Atatürk’ün ölümüyle Cumhurbaşkanlığı görevini, dönemin Başbakanı İsmet İnönü devraldı; 1938 yılından 1950’ye kadar 12 yıl boyunca hem Cumhurbaşkanı hem de CHP Genel Başkanı olarak görev yaptı.

İnönü, 26 Aralık 1938’de toplanan CHP’nin 1’inci Olağanüstü Kurultayı’nda ‘partinin değişmez genel başkanı’ seçilerek ‘Milli Şef’ ünvanını aldı.

1946’ya kadar hâlâ tek parti vardı. 1946’da ise Demokrat Parti(DP) kuruldu ve o yıl, Türkiye’nin ilk çok partili genel seçimi yapıldı. ‘Açık oy-gizli tasnif’ nedeniyle çok eleştirilen bu seçimde CHP 465, DP 64, bağımsızlar 6 milletvekiliyle girdiler Meclis’e.

3’ÜNCÜ PARTİLİ CUMHURBAŞKANI CELAL BAYAR

Türkiye’de ilk kez “gizli oy-açık tasnif”in uygulandığı 1950 genel seçimini DP kazandı. Ülkenin 3’üncü partili cumhurbaşkanı Celal Bayar olurken Başbakanlık ve DP Genel Başkanlık koltuğuna Adnan Menderes oturdu. ‘Milli Şef’ İnönü ise 1960 yılına kadar CHP’nin Genel Başkanı’ydı.

Bayar’ın, 1954, 1957 genel seçimlerinde ve 1955 yerel seçiminde mitinglere katılması tarafsızlık tartışmalarını bir kez daha gündeme getirdi.
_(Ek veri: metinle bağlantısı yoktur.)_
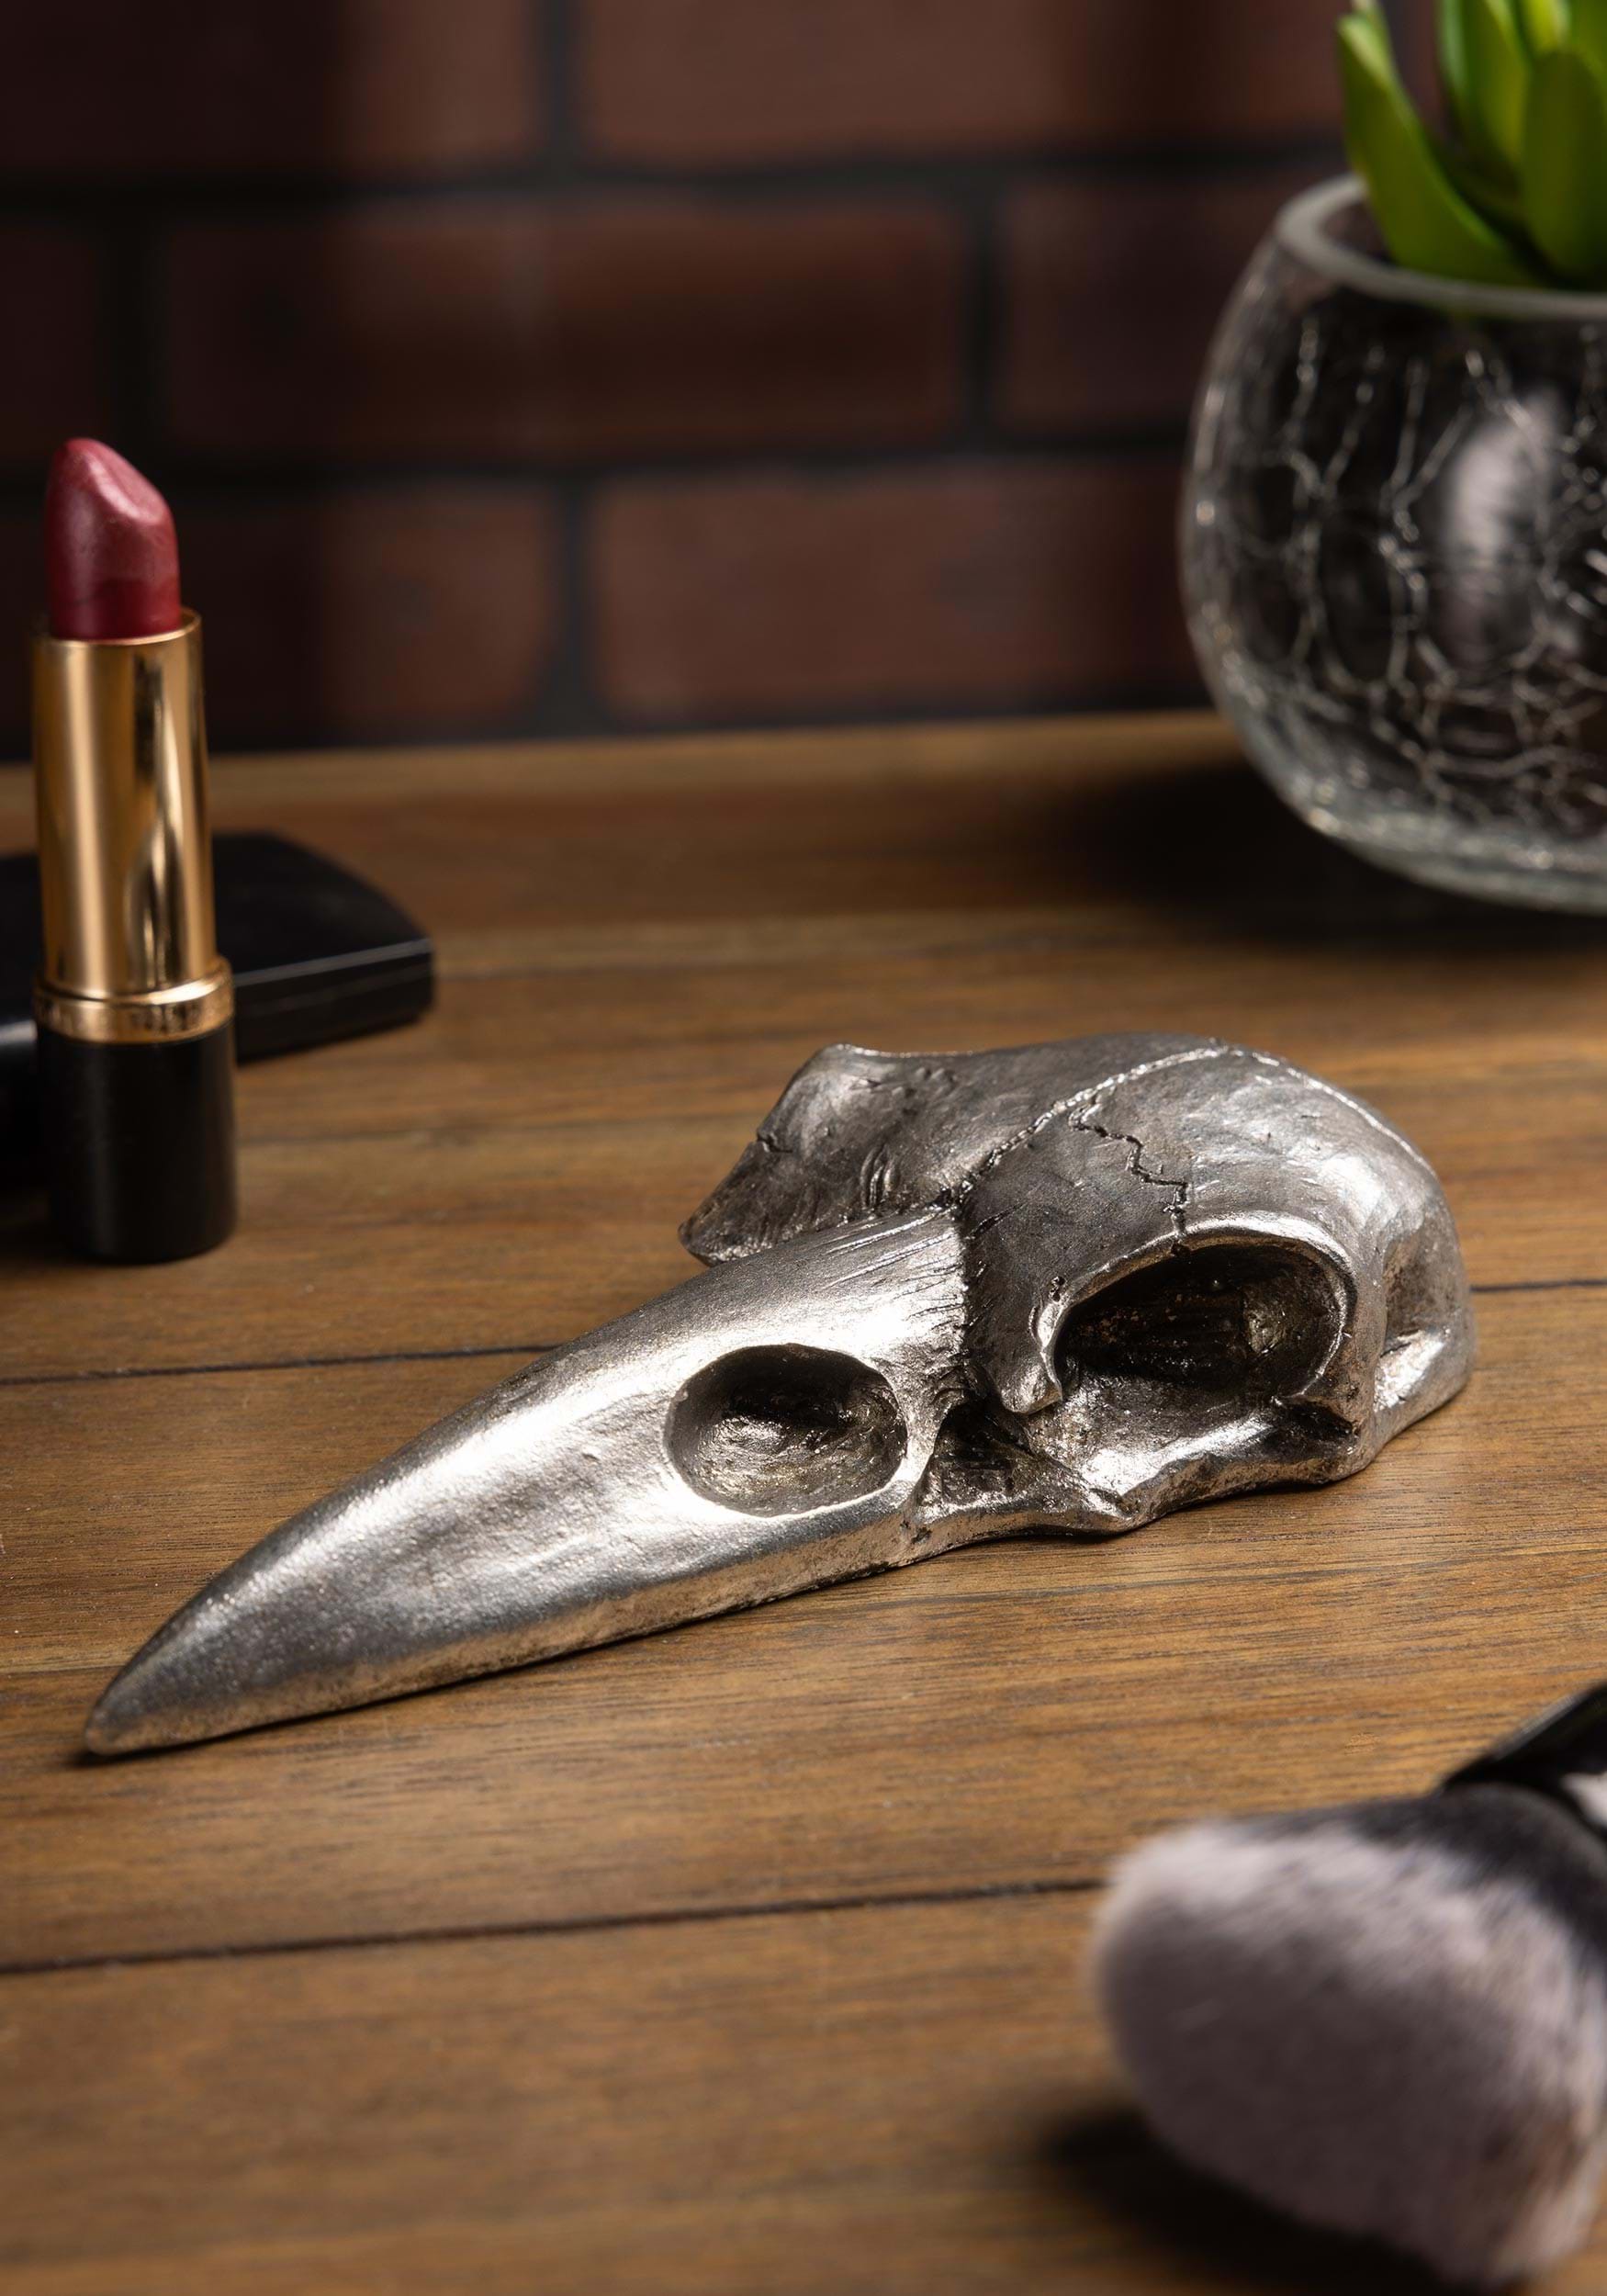 Gothic Silver Raven Skull Hand Mirror Halloween Decoration

Bu tartışma İnönü’nün 1946 ve 1950 seçimlerinde mitinglere katılarak CHP’ye oy istemesiyle de yaşanmıştı. 1960 darbesi gerçekleşti, 1924 Anayasası yürürlükten kaldırıldı, Cumhurbaşkanı için “tarafsızlık” ilkesi getirildi.

ERDOĞAN’DAN İNÖNÜ’YE HİTLER BENZETMESİ

Erdoğan her fırsatta Milli Şef dönemini kıyasıya eleştirdi. Mayıs 2010’da, Anayasa değişikliği konusunda “Churchill, Hitler’e karşı karada, havada, denizde mücadele edeceğiz demişti. Biz de bu Anayasa değişikliğine karşı Meclis’te, Anayasa Mahkemesi’nde, referandumda mücadele edeceğiz” diyen Baykal’a, Erdoğan’ın yanıtı sert oldu.

Baykal’ın kendisini Churchill’e, hükümeti de Hitler’e benzettiğini söyleyen Erdoğan, “İlla Hitler’e benzetecek bir figür arıyorlarsa kendi genel merkezlerindeki eski genel başkan fotoğraflarına baksınlar. Orada Führer’e özenip kendisine ‘Milli Şef’ dedirtmiş genel başkanlarının Hitlervari bıyıklarının altından kendilerine gülümsediğini görecekler”dedi.

4 Şubat 2015’te, “Bu ülkede bir daha milli şef özentileri çıkmasın diye ‘başkanlık sistemi’ diyoruz” açıklamasını yapan da Erdoğan’dı.

‘ERDOĞAN MİLLİ ŞEF OLMAK İSTİYOR’

AK Parti, Cumhurbaşkanının görev ve yetkileri ile ilgili mini anayasa paketini geçtiğimiz haziran ayında gündeme getirmeyi planlıyordu.

MHP’nin üç gün önce partiden ihraç ettiği, milletvekili Ümit Özdağ 11 Mayıs 2016 tarihinde Erdoğan’ın istediğinin ‘Milli Şeflik’ olduğunu söylemişti. "1961’e kadar zaten Türkiye’de partili Cumhurbaşkanlığı uygulanmıştır ve özellikle bugün Erdoğan ve taraftarlarının sürekli eleştirdiği Milli Şeflik döneminde de bu sistem vardı" diyen Özdağ'a göre, "Erdoğan, yıllardır eleştirdiği Milli Şefliğe öykünüyor"du...

Bütün bunların ışığında, AK Parti’nin Meclis’e sunduğu teklifte aslında şaşırtıcı hiçbir unsur yok. Nitekim AK Parti’den ve Külliye’den ‘tam başkanlık’ın işaret edildiği günlerde, 24 Ekim 2016’da HDP Parti Sözcüsü Ayhan Bilgen, Duvar’a yaptığı açıklamada, ‘Başkanlık talebi bir taktik. Erdoğan aslında partili cumhurbaşkanlığı istiyor. Bu, klasik başkanlıktan çok daha tehlikelidir’ dedi.

Ümit Özdağ ile ideolojik hiçbir ortaklığı bulunmayan HDP’li Ayhan Bilgen’i aynı noktada buluşturan ‘partili cumhurbaşkanı’ sistemi, Özdağ ve Bilgen’e göre, ‘denge-denetim bakımından çok kötü bir sistem ve varacağı yer, daha da otoriterleşme!’